When you’re making your purchase, you may want to ask the cashier for an extra item. Examples of words you can use with this phrase are chopsticks (ohashi), plastic bag (fukuro), or fried chicken (karaage). Why fried chicken? This is because a lot of convenience stores serve fried food at the counter. If any of it looks tempting to you, don’t be afraid to use the above phrase to ask for a fried snack!
Please note that as of July 1st, 2020, the three major convenience store chains in Japan will charge for plastic bags. If you want to avoid paying, then don’t forget your reusable bag!
5) OO wo irimasen.
I don’t need OO.
In general, when you buy food or drinks at convenience stores, the cashier will add eating utensils or a straw free of charge. If you don’t need one, then use the phrase above. Examples of words you can use with this phrase are fork (foku), wet wipe (oshibori), or straw (storo).
6) Atatamete kudasai.
Please heat this up.
When you buy a bento boxed lunch from the convenience store, use the phrase above to request that it be heated by the cashier. Some convenience stores require that you heat the item yourself with the microwaves available in the shop. If you find yourself at a convenience store like this and can't figure out how to use the microwave, don’t hesitate to ask the staff for assistance.
7) Ikura desu ka?
How much is it?
This is the phrase to use when confirming the price. You can use this sentence in a lot of shopping situations, so keep this one in mind.
8) Kado/kyashuresu/IC kado wo tsukaemasu ka?
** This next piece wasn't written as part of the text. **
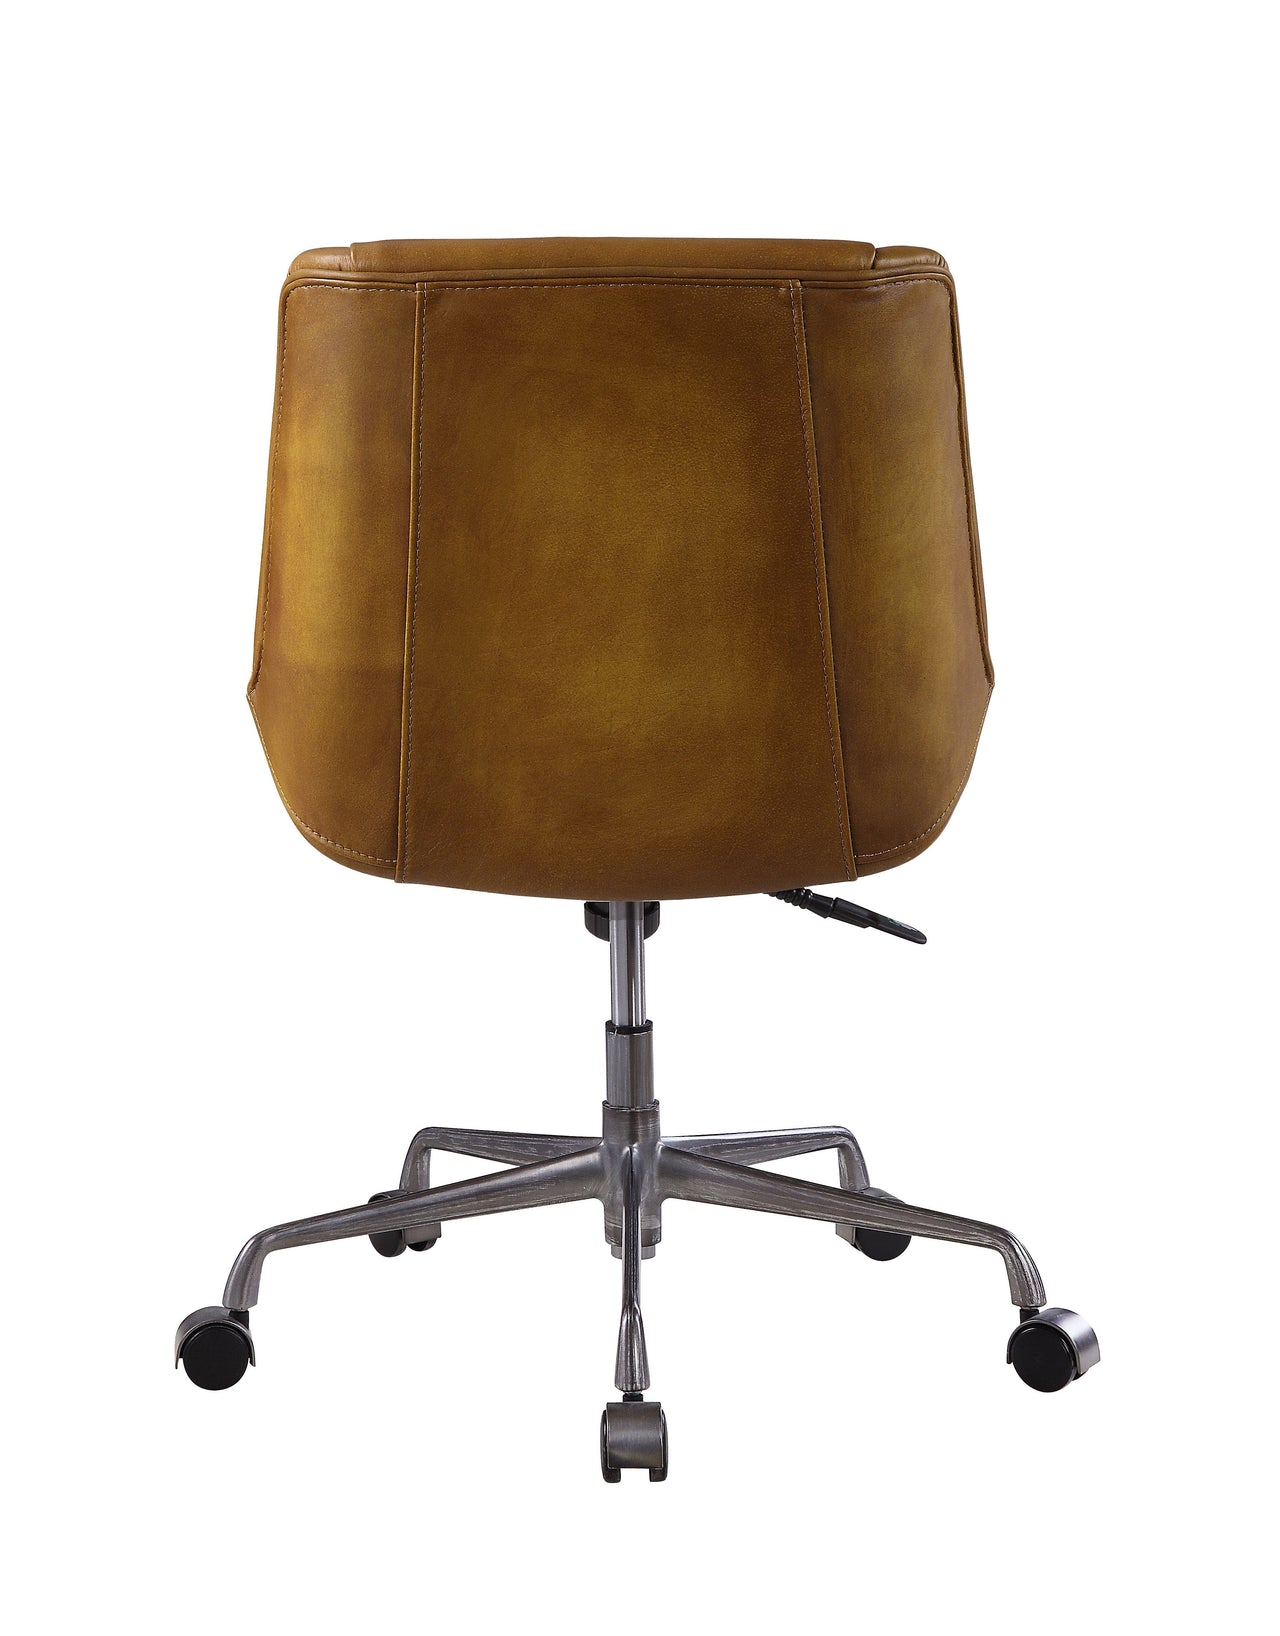 Ambler - Executive Office Chair - Saddle Brown Top Grain Leather - Tony's Home Furnishings

Can I use a credit card/cashless payment/an IC card?
Use the phrase above when you want to know if the convenience store accepts methods of payment other than cash. The three major convenience store chains in Japan generally accept credit cards, cashless payment methods that use a barcode, and IC cards such as Suica.
Were there any phrases that you found useful? The phrase above can be used in a variety of shopping situation. Don’t be afraid to try out these phrase so you can enjoy shopping in Japan to the fullest!